Signed-off-by: Maxim Mikityanskiy <maximmi@mellanox.com>
---
Björn, please take a look at this, Saeed told me you were doing
something related, but I couldn't find it. If this fix is already
covered by your work, please tell about that.

 net/core/dev.c | 3 +++
 1 file changed, 3 insertions(+)

diff --git a/net/core/dev.c b/net/core/dev.c
index 66f7508825bd..68b3e3320ceb 100644
--- a/net/core/dev.c
+++ b/net/core/dev.c
@@ -8089,6 +8089,9 @@ int dev_change_xdp_fd(struct net_device *dev, struct netlink_ext_ack *extack,
 			bpf_prog_put(prog);
 			return -EINVAL;
 		}
+	} else {
+		if (!__dev_xdp_query(dev, bpf_op, query))
+			return 0;
 	}
 
 	err = dev_xdp_install(dev, bpf_op, extack, flags, prog);
-- 
2.19.1

Re: [PATCH bpf-next] net: Don't uninstall an XDP program when none is installed

[Björn Töpel]

On 2019-06-12 18:14, Maxim Mikityanskiy wrote:
> dev_change_xdp_fd doesn't perform any checks in case it uninstalls an
> XDP program. It means that the driver's ndo_bpf can be called with
> XDP_SETUP_PROG asking to set it to NULL even if it's already NULL. This
> case happens if the user runs `ip link set eth0 xdp off` when there is
> no XDP program attached.
> 
> The drivers typically perform some heavy operations on XDP_SETUP_PROG,
> so they all have to handle this case internally to return early if it
> happens. This patch puts this check into the kernel code, so that all
> drivers will benefit from it.
> 
> Signed-off-by: Maxim Mikityanskiy <maximmi@mellanox.com>
> ---
> Björn, please take a look at this, Saeed told me you were doing
> something related, but I couldn't find it. If this fix is already
> covered by your work, please tell about that.
>

Yeah, I'm trying make the query code more generic (pull common work out
from the drivers). However, my patch set is still not done (I'll try to
get a v4 out this week), but your improvement is!

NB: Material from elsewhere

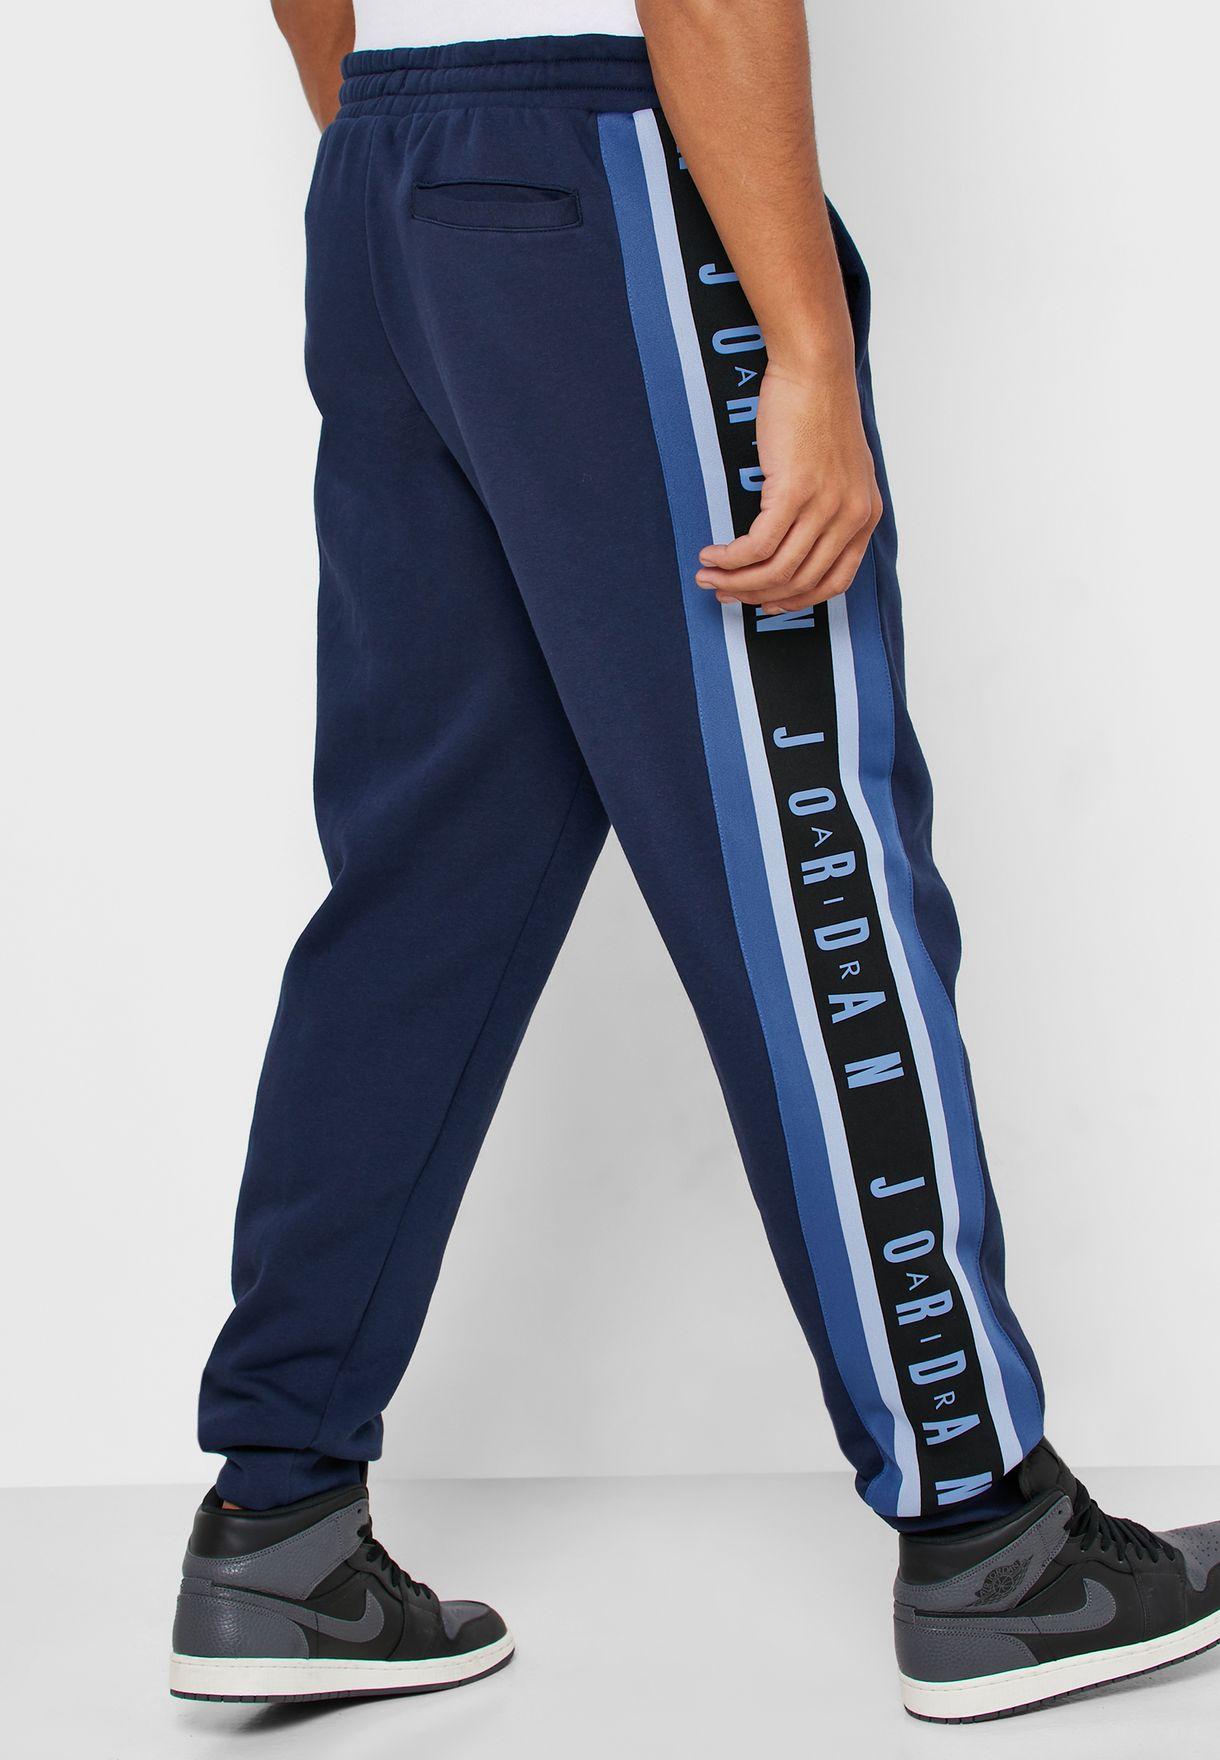 Air Jordan Gradient Fleece Sweatpants

I don't see why this should be held back because of my still not
finished work. I like this.

Acked-by: Björn Töpel <bjorn.topel@intel.com>


>   net/core/dev.c | 3 +++
>   1 file changed, 3 insertions(+)
> 
> diff --git a/net/core/dev.c b/net/core/dev.c
> index 66f7508825bd..68b3e3320ceb 100644
> --- a/net/core/dev.c
> +++ b/net/core/dev.c
> @@ -8089,6 +8089,9 @@ int dev_change_xdp_fd(struct net_device *dev, struct netlink_ext_ack *extack,
>   			bpf_prog_put(prog);
>   			return -EINVAL;
>   		}
> +	} else {
> +		if (!__dev_xdp_query(dev, bpf_op, query))
> +			return 0;
>   	}
>   
>   	err = dev_xdp_install(dev, bpf_op, extack, flags, prog);
> 

Re: [PATCH bpf-next] net: Don't uninstall an XDP program when none is installed

[Jakub Kicinski]

On Wed, 12 Jun 2019 16:14:18 +0000, Maxim Mikityanskiy wrote:
> dev_change_xdp_fd doesn't perform any checks in case it uninstalls an
> XDP program. It means that the driver's ndo_bpf can be called with
> XDP_SETUP_PROG asking to set it to NULL even if it's already NULL. This
> case happens if the user runs `ip link set eth0 xdp off` when there is
> no XDP program attached.
> 
> The drivers typically perform some heavy operations on XDP_SETUP_PROG,
> so they all have to handle this case internally to return early if it
> happens. This patch puts this check into the kernel code, so that all
> drivers will benefit from it.
> 
> Signed-off-by: Maxim Mikityanskiy <maximmi@mellanox.com>
> ---
> Björn, please take a look at this, Saeed told me you were doing
> something related, but I couldn't find it. If this fix is already
> covered by your work, please tell about that.
> 
>  net/core/dev.c | 3 +++
>  1 file changed, 3 insertions(+)
> 
> diff --git a/net/core/dev.c b/net/core/dev.c
> index 66f7508825bd..68b3e3320ceb 100644
> --- a/net/core/dev.c
> +++ b/net/core/dev.c
> @@ -8089,6 +8089,9 @@ int dev_change_xdp_fd(struct net_device *dev, struct netlink_ext_ack *extack,
>  			bpf_prog_put(prog);
>  			return -EINVAL;
>  		}
> +	} else {
> +		if (!__dev_xdp_query(dev, bpf_op, query))
> +			return 0;

This will mask the error if program is installed with different flags.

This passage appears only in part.